Our antennae should have gone up when someone quickly cleared the compound on which the house stood and repainted it as soon as the woman went to the press with her story; or when suddenly the narrative changed to the president actually did not actually promise the family a house and that the house was an afterthought by the president’s philanthropic men and women.

And right there you have a toad jumping in broad daylight. But in a shouting match between the poor and the rich and powerful, Wambui’s tale stood no chance of being believed, and we quickly painted the picture of an ungrateful wench in broad strokes, effectively confirming that the poor have little voice in our media, especially when they refuse to bend to the story template of being perpetually grateful for government handouts.

Then there was the story of Uhuru’s ‘anger’ with Cabinet Secretaries mentioned in connection with 10 per cent kickbacks for multi-billion projects. Predictably, most of our stories on high level corruption have few or no voices and mostly rely on faceless sources.

So we get to hear of “a visibly angry” president giving his Cabinet “a dressing-down” in some Cabinet meeting at State House.

Wait, how does a “visibly angry” President Kenyatta look like, especially when he is giving “dressing-down” to his Cabinet? Frothing at the mouth? Banging State House’s well-polished tables? Shouting down at terrified Cabinet Secretaries cowering under tables?

Come on, let us quit dramatised reporting and stick to the narrow path of cold facts. The basic rule on this one is simple: Do not tell, show!

As such, if our sources at State House (one hopes they are real) cannot show how the president was “visibly annoyed,” say, something like “He picked a chair and hurled it at one Cabinet Secretary…” or “he banged the table and said ‘Í am not entertaining this nonsense anymore…”; or until they invent a machine that determines whether the President is ‘angry’ or just being himself, then we must drop the “visibly angry” line altogether.
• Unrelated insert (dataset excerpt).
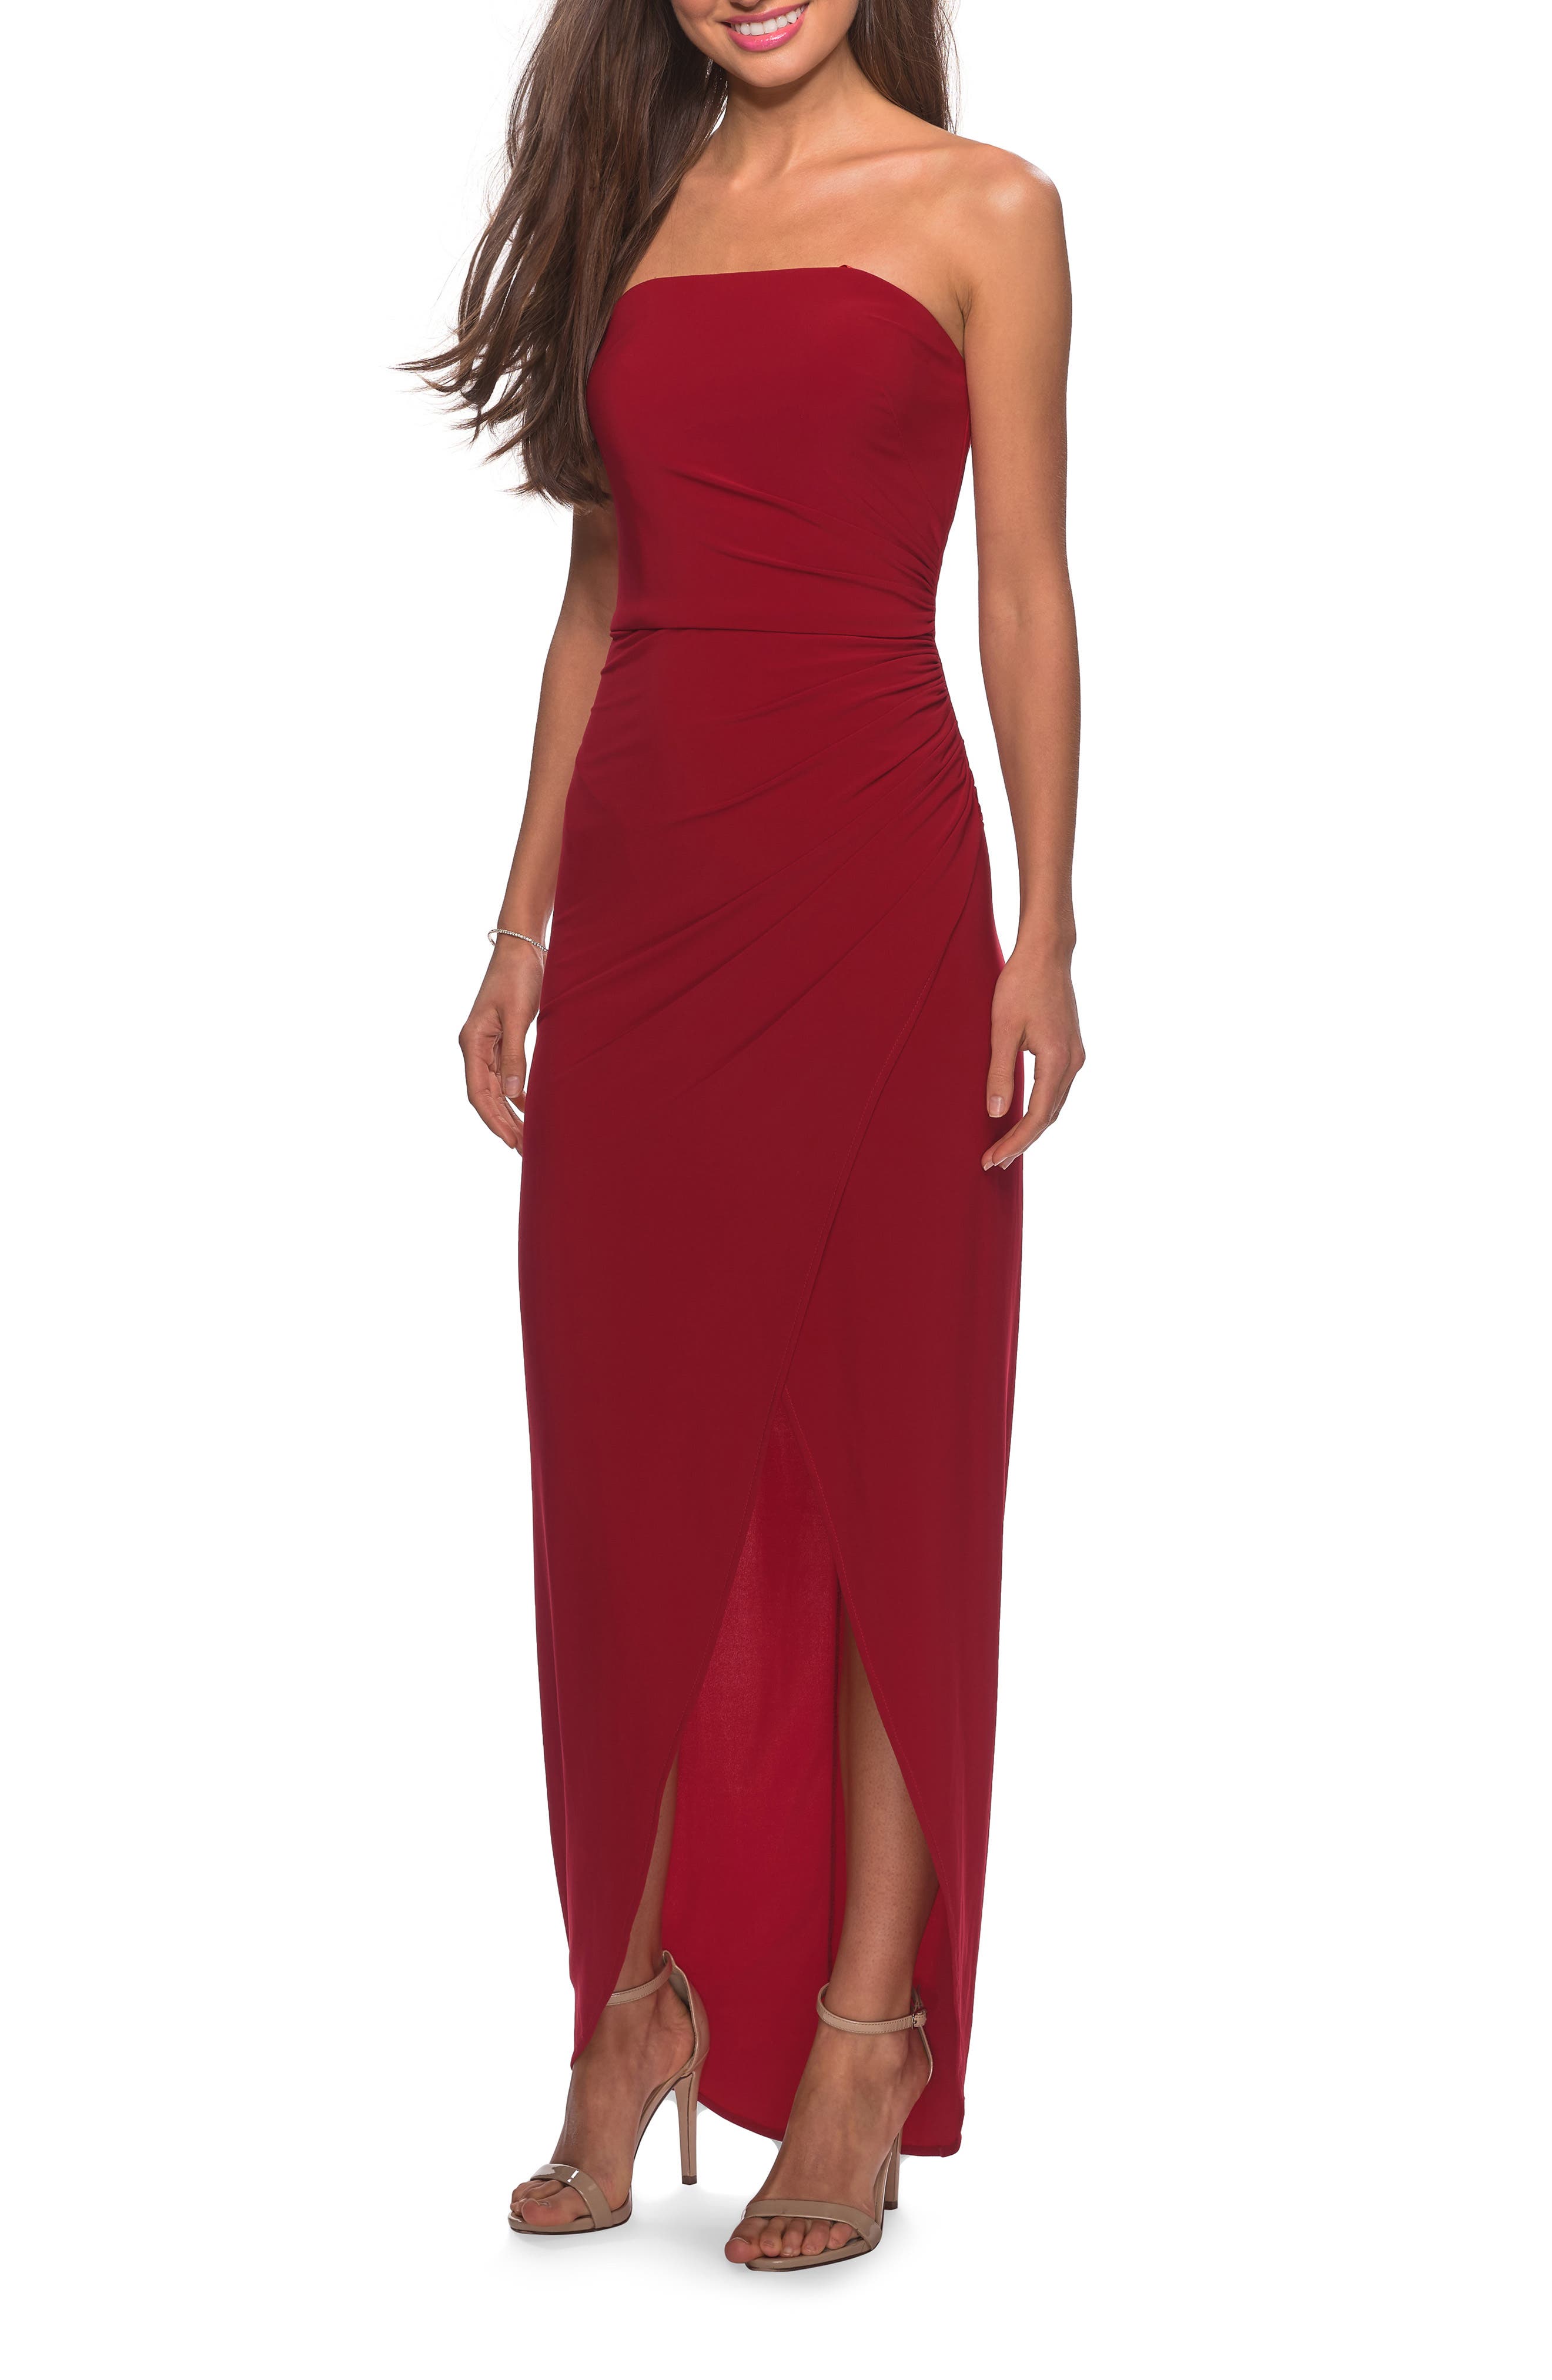 red strapless dress | Nordstrom
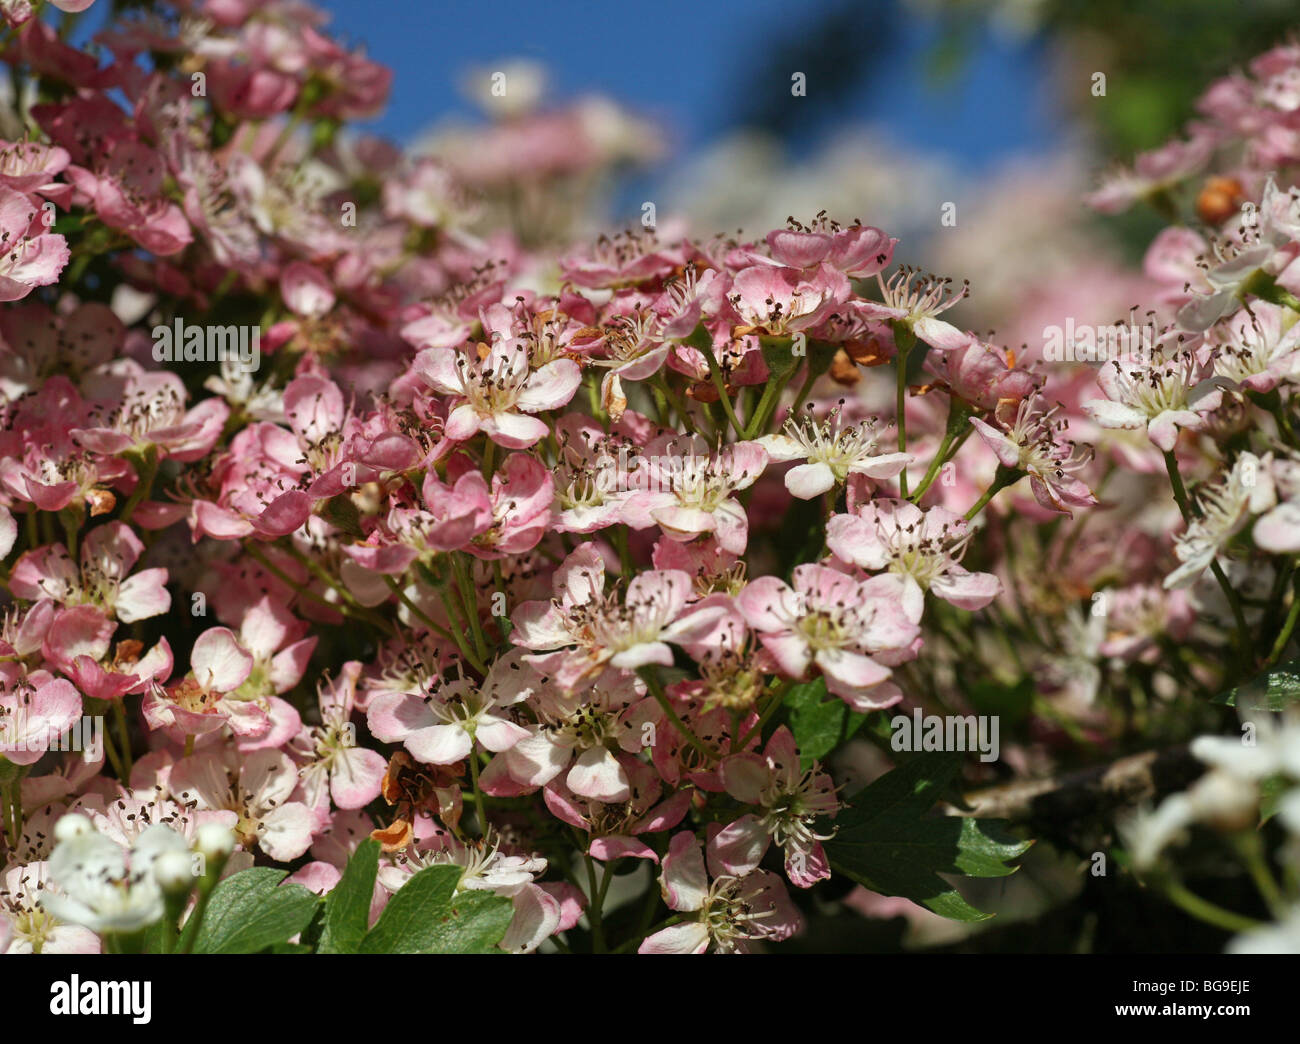 Pink Hawthorn flowers Crataegus monogyna, known as Common Hawthorn Stock Photo

This or we might just have a really angry president breathing down our necks for purporting to know when he is angry and when he is not, or his cabinet for painting their meeting with the President as that of terrified school boys and girls being addressed by a “visibly angry” school head.

And while at it, we may as well revisit another basic rule of reportage, and weed out adjectives as much as we can.

Then Interior CS Fred Matiang’i will not be ‘a powerful’ Cabinet Secretary. Heck, even a whiff of ‘powerful CS’ in our gossip columns leaves no doubt who it is we are referring to – which is dangerous in itself, especially if a lawyer convinces a judge that it does not need a rocket scientist to know who the ‘powerful CS’ in our reportage is referring to in a defamatory story, then voila: we shall be in trouble!

So, let us leave adjectives to novellas and stick to cold facts: they might not be romantic, but they are safer.